Our Lord first appeared to Our Lady following His Resurrection. He had become incarnate in her Virginal and Immaculate womb by the power of the Holy Ghost. Her Immaculate Heart suffered a communion of perfect love with His Most Sacred Heart. It was to Our Lady, therefore, that Our Lord first appeared so as to present Himself to her in His glorified Body just as she had received Him as a helpless embryo at the moment of the Annunciation. We must rely upon her maternal intercession as the Co-Redemptrix and Mediatrix of all graces to help us be participants in her Divine Son’s Easter victory over sin and death, receiving her Divine Son’s Body, Blood, Soul and Divinity in the Most Blessed Sacrament in Holy Communion with the same purity, humility, devotion and fervor with which she received the Eucharist prior to her own death and bodily Assumption into Heaven.
Pope Saint Gregory the Great gave us the following lesson to consider about this day, the zenith of Holy Mother Church's entire liturgical year:
Dearly beloved brethren, ye have heard the deed of the holy women which had followed the Lord; how that they brought sweet spices to His sepulchre, and, now that He was dead, having loved Him while He was yet alive, they followed Him with careful tenderness still. But the deed of these holy women doth point to somewhat which must needs be done in the holy Church. And it behoveth us well to give ear to what they did, that we may afterward consider with ourselves what we must do likewise after their example. We also, who believe in Him That was dead, do come to His sepulchre bearing sweet spices, when we seek the Lord with the savour of good living, and the fragrant report of good works. Those women, when they brought their spices, saw a vision of Angels, and, in sooth, those souls whose godly desires do move them to seek the Lord with the savour of good lives, do see the countrymen of our Fatherland which is above.
It behoveth us to mark what this meaneth, that they saw the Angel sitting on the right side. For what signifieth the left, but this life which now is? or the right, but life everlasting? Whence also it is written in the Song of Songs ii. 6: His left hand is under my head, and His right hand doth embrace me. Since, therefore, our Redeemer had passed from the corruption of this life which now is, the Angel which told that His undying life was come, sat, as became him, on the right side. They saw him clothed in a white garment, for he was herald of the joy of this our great solemnity, and the glistering whiteness of his raiment told of the brightness of this holy Festival of ours. Of ours, said I? or of his? But if we will speak the truth, we must acknowledge that it is both his and ours. The Again-rising of our Redeemer is a Festival of gladness for us, for us it biddeth know that we shall not die for ever; and for Angels also it is a festival of gladness, for it biddeth them know that we are called to fulfill their number in heaven.

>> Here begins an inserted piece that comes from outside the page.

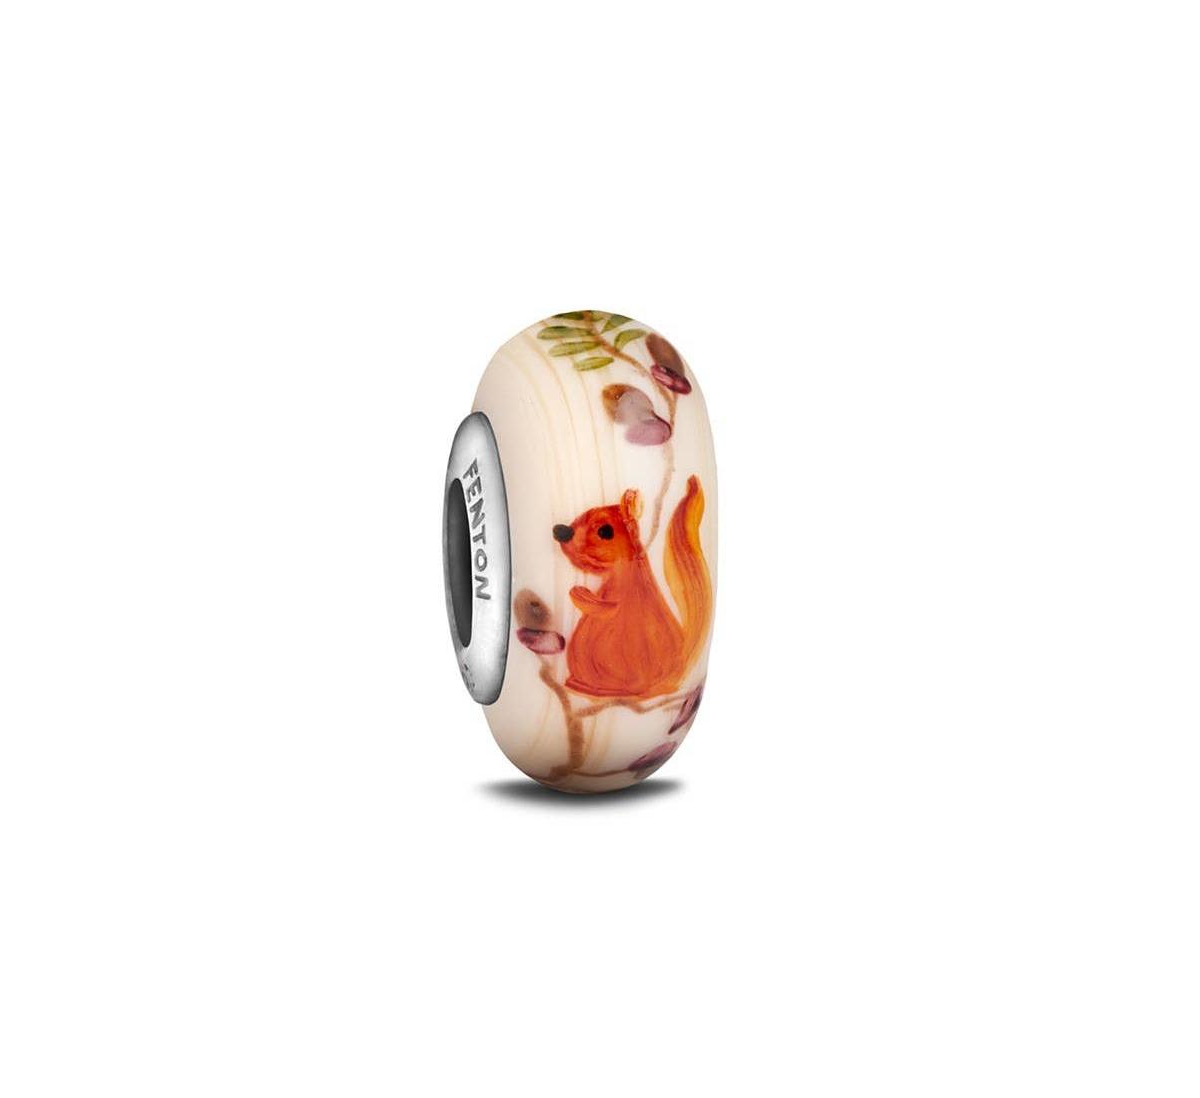 "Scamper" Hand Decorated Glass Bead - Light/pastel brown

See this glad Festival then, which is both his and ours, the Angel appeared in white raiment. For as the Lord, rising again from the dead, leadeth us unto the mansions above, He repaireth the breaches of the heavenly Fatherland. But what meaneth this, that the Angel said unto the women which came to the sepulchre: Fear not? Is it not as though he had said openly: Let them fear which love not the coming of the heavenly countrymen; let them be afraid who are so laden by fleshly lusts, that they have lost all hope ever to be joined to their company. But as for you, why fear ye, who, when ye see us, see but your fellow countrymen? Hence also Matthew, writing of the guise of the Angel, saith xxviii. 3: His countenance was like lightning, and His raiment white as snow. The lightning speaketh of fear and great dread, the snow of the soft brilliancy of rejoicing. (Pope Saint Gregory the Great, as found in Matins, The Divine Office, Easter Sunday.)

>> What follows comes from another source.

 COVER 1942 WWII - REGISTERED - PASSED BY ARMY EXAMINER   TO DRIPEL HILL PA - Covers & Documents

This is indeed a festival of gladness, a time of rejoicing that last fifty days, which is ten days longer than the strict penitential season of Lent and symbolic of the fact that eternity is without end whereas our life in this passing, mortal vale of tears comes to an end when we least expect. The glories that await the souls of the just are unfathomable, which should inspire us to realize that even the legitimate joys of this world are fleeting and must never be the principal occuption of our Catholic lives.
Father Benedict Baur provided the following reflection on this glorious day whereupon Our Blessed Lord and Saviour Jesus Christ’s Easter Victory over sin and death was made manifest:
For the celebration of the Easter Mass we accompany the catechumens to the church of St. Mary Major. Mary, to whom this church is dedicated, was bequeathed to redeemed humanity as she stood under the cross on Calvary. After greeting the risen Christ, we congratulate Mary: “Rejoice, O Queen of heaven, alleluia.”
Christ rose the dead, and He turns first to His heavenly Father. “I rose up and am still with Thee” (Introit). Thus He casts Himself in devoted and grateful love on the bosom of His Father. “Thou hast laid Thy hand upon Me” through the shame and humiliation I suffered during My passion. Now this same hand is held out to glorify Him and cover Him with splendor; “Thy knowledge is become wonderful” (Introit). Yesterday the humiliation and bitterness of the cross, today the splendor of heavenly glory!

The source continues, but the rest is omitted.